To post to this group, send email to omek...@googlegroups.com.
To unsubscribe from this group, send email to omeka-dev+...@googlegroups.com.
For more options, visit this group at http://groups.google.com/group/omeka-dev?hl=en.

Ethan Gruber

unread,
Apr 21, 2010, 3:17:31 PM4/21/10
to omek...@googlegroups.com
I've done a lot of work with controlled vocabularies in a totally different framework (XForms), but the vocabularies themselves were stored in a Solr index and queried through TermsComponent.  You could use ajax to take advantage of terms stored in Solr in the Omeka framework just as easily, I think.  I guess that is one more item in the list of features a Solr plugin may provide in the future.

Ethan

Tom Scheinfeldt

unread,
Apr 21, 2010, 3:22:29 PM4/21/10
to omeka-dev
I hadn't thought about Solr. That's a better long term solution. But
definitely something we should keep on the radar.

Thanks, Ethan.

Patrick Murray-John

unread,
Apr 21, 2010, 3:51:24 PM4/21/10
to omek...@googlegroups.com
AjaxCreate might be a way at part of it, at least in short term. Where
and how the vocabularies are stored is definitely a key question.

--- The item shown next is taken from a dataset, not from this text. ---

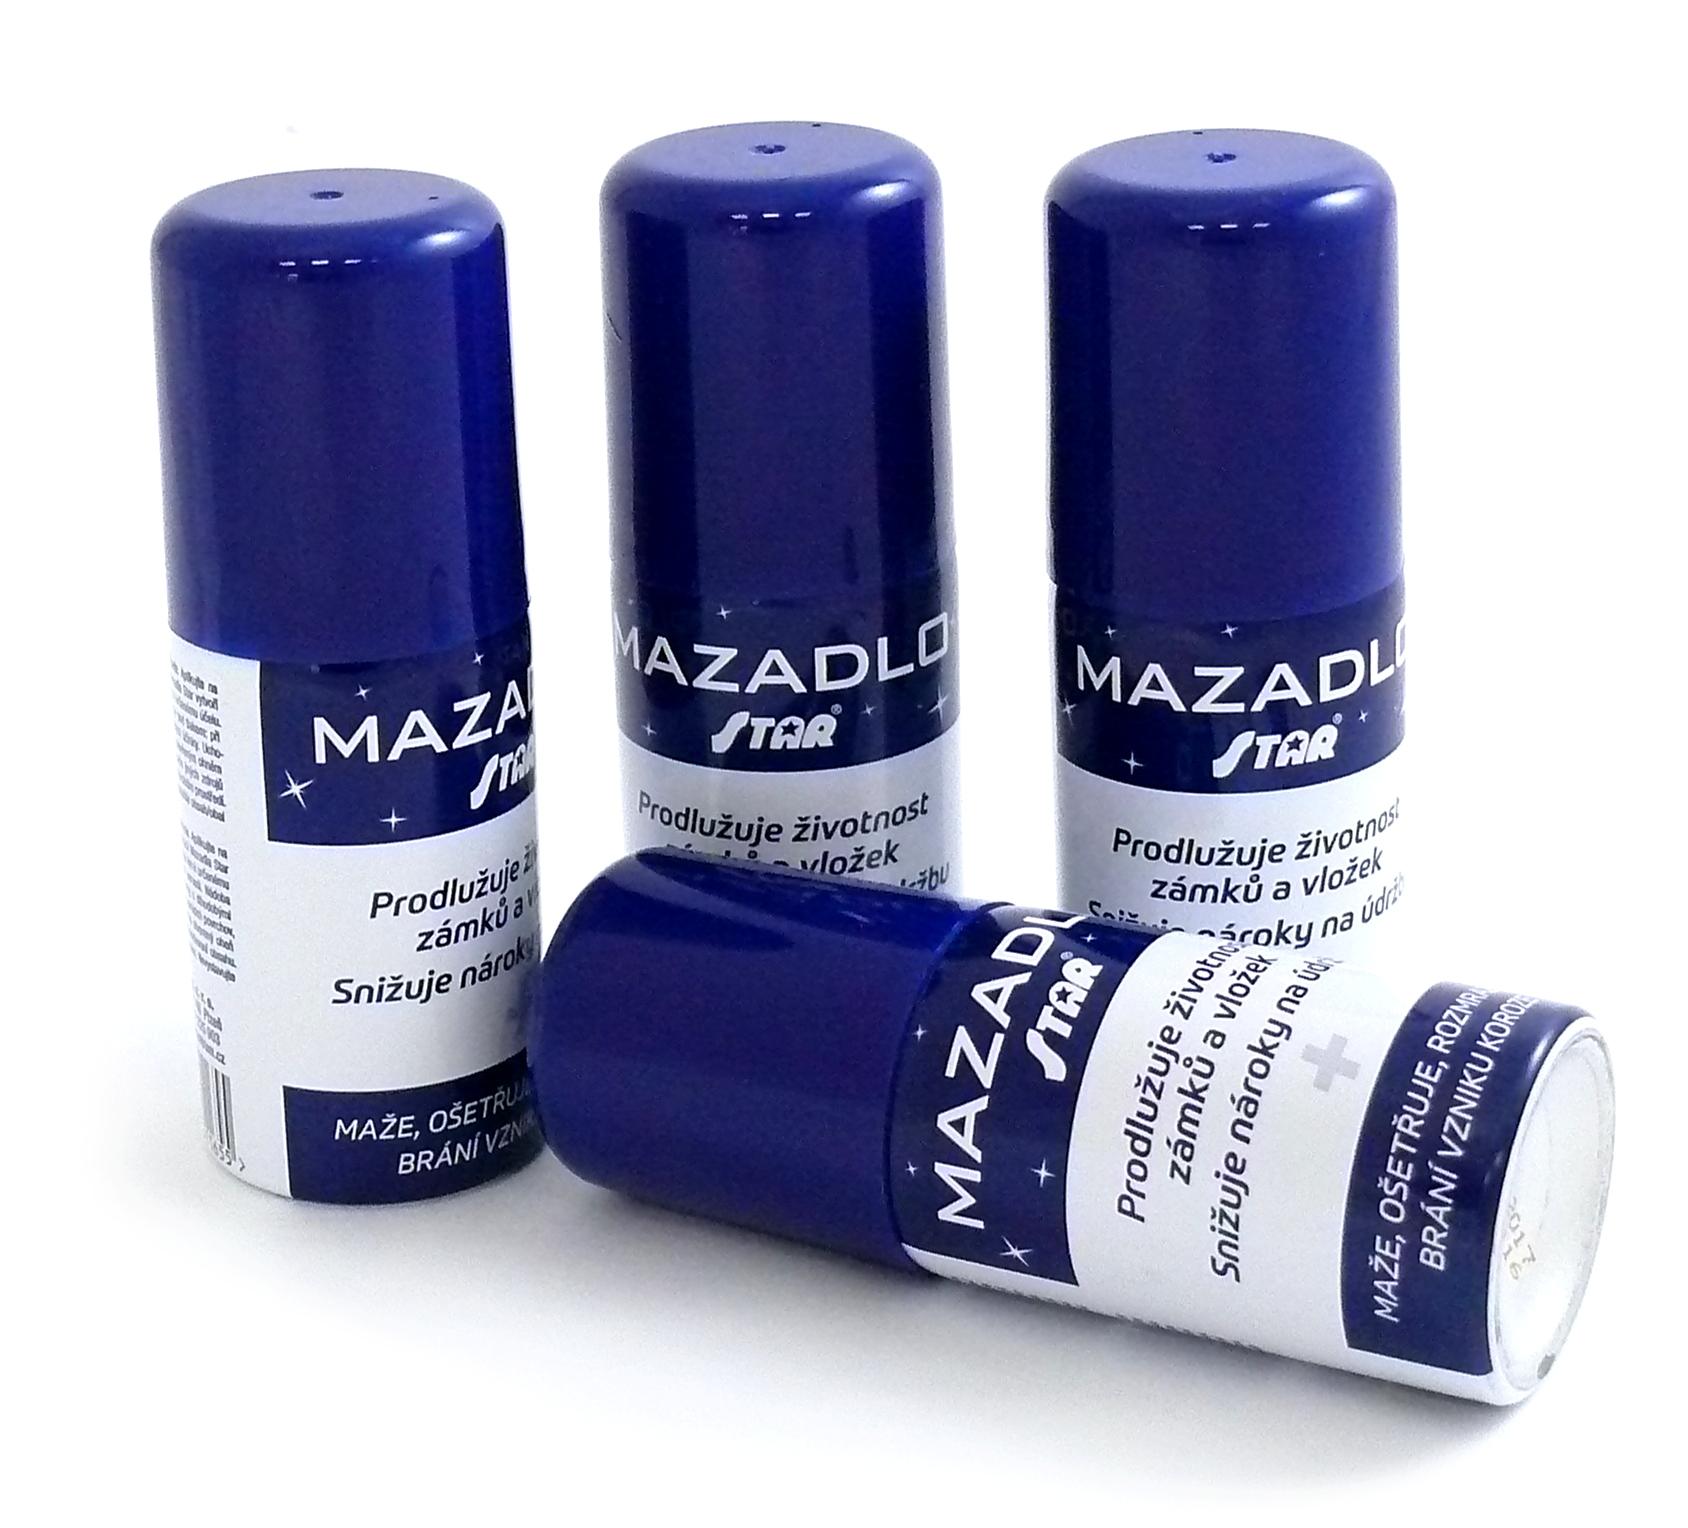 Mazadla STAR

I'm a little fuzzy about cases...is this on the right track:
I'm thinking that the mission is to create Tags in Omeka, selecting from
the controlled vocabulary?
So the idea would be that, instead of a text field to create a new Tag,
it would provide a dropdown, populated (somehow) with the vocabulary?

If that's the case, then we'd really just need an array of the terms in
the vocabulary to stuff into the dialog form, and the game would just be
how to generate and/or store that array.

Or, are we talking about a way to create the Omeka Tags entirely from
scratch?

I guess what I'm wondering about is what other workflow AjaxCreate might
be useful in, and at what point in the workflow?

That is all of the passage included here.